Task item
Reproduce, exactly, the lines of the material below from the line containing "Großer antiker Tabriz-Teppich" through the line containing "Ovo de bebê da marca happy bear", with both end lines included and nothing else.

Source data
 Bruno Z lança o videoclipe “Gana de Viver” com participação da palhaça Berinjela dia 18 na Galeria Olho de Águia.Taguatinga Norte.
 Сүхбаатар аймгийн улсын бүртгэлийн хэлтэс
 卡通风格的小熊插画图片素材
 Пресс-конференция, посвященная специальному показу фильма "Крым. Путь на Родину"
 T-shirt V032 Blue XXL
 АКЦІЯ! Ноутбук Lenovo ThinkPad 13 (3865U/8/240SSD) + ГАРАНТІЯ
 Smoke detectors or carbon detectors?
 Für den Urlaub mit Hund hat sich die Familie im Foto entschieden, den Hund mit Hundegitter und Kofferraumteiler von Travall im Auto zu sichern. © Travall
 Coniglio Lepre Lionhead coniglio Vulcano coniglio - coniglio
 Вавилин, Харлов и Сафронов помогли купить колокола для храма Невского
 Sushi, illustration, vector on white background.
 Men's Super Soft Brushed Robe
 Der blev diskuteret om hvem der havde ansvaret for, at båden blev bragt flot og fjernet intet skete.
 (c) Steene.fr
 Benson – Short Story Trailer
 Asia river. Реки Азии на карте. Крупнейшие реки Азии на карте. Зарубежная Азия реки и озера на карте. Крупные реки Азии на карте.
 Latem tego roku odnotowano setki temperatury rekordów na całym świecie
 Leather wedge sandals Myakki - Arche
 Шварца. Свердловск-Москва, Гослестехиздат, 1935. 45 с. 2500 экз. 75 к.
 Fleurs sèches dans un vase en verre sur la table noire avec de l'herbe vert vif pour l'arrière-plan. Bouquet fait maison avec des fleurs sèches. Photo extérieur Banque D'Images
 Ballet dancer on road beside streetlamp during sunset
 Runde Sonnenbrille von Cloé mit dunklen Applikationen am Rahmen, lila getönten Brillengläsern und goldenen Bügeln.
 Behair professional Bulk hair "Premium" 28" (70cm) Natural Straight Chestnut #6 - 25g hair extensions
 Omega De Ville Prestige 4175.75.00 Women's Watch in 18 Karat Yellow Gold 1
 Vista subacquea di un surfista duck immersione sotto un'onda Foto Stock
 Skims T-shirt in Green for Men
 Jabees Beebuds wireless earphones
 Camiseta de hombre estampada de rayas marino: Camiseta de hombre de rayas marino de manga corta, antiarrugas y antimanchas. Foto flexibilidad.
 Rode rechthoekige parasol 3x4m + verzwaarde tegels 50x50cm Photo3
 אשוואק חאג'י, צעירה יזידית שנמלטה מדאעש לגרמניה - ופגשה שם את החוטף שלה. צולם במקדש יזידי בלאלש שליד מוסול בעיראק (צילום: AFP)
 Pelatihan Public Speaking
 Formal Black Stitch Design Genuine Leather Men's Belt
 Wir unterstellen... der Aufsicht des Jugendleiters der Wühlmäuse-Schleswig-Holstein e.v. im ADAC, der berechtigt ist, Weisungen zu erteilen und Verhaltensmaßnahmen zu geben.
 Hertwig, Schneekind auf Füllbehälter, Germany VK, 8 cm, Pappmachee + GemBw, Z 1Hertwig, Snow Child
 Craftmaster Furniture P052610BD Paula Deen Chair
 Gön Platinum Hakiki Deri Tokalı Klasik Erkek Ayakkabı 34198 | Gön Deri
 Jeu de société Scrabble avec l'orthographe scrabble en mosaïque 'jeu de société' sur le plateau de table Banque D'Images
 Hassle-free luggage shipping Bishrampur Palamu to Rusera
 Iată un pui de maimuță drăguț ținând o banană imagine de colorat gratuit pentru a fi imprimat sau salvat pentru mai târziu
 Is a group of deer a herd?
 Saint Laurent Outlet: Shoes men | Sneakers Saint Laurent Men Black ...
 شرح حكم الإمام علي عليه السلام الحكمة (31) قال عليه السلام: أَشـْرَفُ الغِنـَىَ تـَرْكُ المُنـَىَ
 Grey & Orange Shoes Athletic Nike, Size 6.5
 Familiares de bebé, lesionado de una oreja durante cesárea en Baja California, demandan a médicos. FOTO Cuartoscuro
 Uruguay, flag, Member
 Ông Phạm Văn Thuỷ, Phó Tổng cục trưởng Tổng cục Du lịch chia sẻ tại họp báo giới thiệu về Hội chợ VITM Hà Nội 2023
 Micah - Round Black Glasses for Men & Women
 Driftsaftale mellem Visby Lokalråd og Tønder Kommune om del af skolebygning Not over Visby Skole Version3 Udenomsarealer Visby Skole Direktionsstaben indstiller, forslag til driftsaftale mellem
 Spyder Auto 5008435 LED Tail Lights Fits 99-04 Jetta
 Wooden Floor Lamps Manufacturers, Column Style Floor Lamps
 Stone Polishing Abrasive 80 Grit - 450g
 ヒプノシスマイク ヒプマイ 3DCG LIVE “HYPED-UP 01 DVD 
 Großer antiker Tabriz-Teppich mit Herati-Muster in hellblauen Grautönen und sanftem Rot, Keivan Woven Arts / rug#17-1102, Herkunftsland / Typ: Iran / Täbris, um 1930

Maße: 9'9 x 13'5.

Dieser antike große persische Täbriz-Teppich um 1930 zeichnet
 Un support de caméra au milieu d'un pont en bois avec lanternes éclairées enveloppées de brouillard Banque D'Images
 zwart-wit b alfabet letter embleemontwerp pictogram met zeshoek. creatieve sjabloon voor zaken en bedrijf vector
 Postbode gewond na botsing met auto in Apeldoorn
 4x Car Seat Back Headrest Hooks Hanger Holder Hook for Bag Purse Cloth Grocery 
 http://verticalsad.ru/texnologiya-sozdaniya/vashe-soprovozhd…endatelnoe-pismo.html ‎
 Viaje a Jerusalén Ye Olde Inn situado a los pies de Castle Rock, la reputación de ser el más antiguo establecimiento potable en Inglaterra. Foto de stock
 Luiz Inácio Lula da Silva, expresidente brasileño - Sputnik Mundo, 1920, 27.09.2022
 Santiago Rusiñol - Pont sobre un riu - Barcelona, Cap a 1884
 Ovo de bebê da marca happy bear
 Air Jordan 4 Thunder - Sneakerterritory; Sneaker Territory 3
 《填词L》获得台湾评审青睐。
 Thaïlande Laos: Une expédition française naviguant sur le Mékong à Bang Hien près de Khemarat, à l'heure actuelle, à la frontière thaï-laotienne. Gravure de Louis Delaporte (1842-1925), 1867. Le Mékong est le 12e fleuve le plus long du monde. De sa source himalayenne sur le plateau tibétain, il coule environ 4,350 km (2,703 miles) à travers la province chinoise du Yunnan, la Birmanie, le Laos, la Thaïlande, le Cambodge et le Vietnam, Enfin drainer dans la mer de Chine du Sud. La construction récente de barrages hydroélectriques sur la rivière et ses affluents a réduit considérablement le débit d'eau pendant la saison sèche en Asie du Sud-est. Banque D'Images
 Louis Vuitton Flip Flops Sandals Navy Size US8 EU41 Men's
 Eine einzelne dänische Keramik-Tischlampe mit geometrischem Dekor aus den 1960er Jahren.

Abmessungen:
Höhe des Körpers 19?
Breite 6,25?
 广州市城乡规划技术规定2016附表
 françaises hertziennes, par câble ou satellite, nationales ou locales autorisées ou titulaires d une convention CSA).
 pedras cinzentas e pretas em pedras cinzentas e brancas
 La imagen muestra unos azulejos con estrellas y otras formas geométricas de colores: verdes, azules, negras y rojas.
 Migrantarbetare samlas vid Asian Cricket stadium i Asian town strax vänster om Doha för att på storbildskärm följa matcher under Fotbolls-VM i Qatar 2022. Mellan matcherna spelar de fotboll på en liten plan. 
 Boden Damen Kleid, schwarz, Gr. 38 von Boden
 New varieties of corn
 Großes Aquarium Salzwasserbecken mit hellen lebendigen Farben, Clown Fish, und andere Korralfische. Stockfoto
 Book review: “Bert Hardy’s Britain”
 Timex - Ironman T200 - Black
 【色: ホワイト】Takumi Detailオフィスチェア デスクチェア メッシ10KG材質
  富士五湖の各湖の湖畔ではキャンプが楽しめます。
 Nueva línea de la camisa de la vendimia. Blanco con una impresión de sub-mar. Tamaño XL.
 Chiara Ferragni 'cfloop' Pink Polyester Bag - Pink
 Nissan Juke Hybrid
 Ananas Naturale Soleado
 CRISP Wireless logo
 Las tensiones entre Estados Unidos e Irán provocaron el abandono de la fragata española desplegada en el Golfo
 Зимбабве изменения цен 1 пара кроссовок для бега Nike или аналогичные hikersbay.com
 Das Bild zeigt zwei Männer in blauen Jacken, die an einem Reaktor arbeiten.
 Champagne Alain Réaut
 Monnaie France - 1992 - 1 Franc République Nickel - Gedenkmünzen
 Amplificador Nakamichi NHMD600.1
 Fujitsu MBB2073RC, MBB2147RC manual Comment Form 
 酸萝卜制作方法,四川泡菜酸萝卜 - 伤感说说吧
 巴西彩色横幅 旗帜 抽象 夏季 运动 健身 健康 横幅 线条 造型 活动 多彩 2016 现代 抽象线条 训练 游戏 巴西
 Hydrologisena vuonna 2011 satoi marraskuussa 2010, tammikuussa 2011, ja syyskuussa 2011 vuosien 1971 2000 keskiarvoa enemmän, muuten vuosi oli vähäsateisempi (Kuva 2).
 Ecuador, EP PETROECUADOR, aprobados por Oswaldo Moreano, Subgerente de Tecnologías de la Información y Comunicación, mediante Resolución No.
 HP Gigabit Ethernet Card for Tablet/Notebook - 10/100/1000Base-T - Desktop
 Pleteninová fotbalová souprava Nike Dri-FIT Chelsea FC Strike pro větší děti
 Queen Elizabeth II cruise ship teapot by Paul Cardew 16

Answer to this task
 Großer antiker Tabriz-Teppich mit Herati-Muster in hellblauen Grautönen und sanftem Rot, Keivan Woven Arts / rug#17-1102, Herkunftsland / Typ: Iran / Täbris, um 1930

Maße: 9'9 x 13'5.

Dieser antike große persische Täbriz-Teppich um 1930 zeichnet
 Un support de caméra au milieu d'un pont en bois avec lanternes éclairées enveloppées de brouillard Banque D'Images
 zwart-wit b alfabet letter embleemontwerp pictogram met zeshoek. creatieve sjabloon voor zaken en bedrijf vector
 Postbode gewond na botsing met auto in Apeldoorn
 4x Car Seat Back Headrest Hooks Hanger Holder Hook for Bag Purse Cloth Grocery 
 http://verticalsad.ru/texnologiya-sozdaniya/vashe-soprovozhd…endatelnoe-pismo.html ‎
 Viaje a Jerusalén Ye Olde Inn situado a los pies de Castle Rock, la reputación de ser el más antiguo establecimiento potable en Inglaterra. Foto de stock
 Luiz Inácio Lula da Silva, expresidente brasileño - Sputnik Mundo, 1920, 27.09.2022
 Santiago Rusiñol - Pont sobre un riu - Barcelona, Cap a 1884
 Ovo de bebê da marca happy bear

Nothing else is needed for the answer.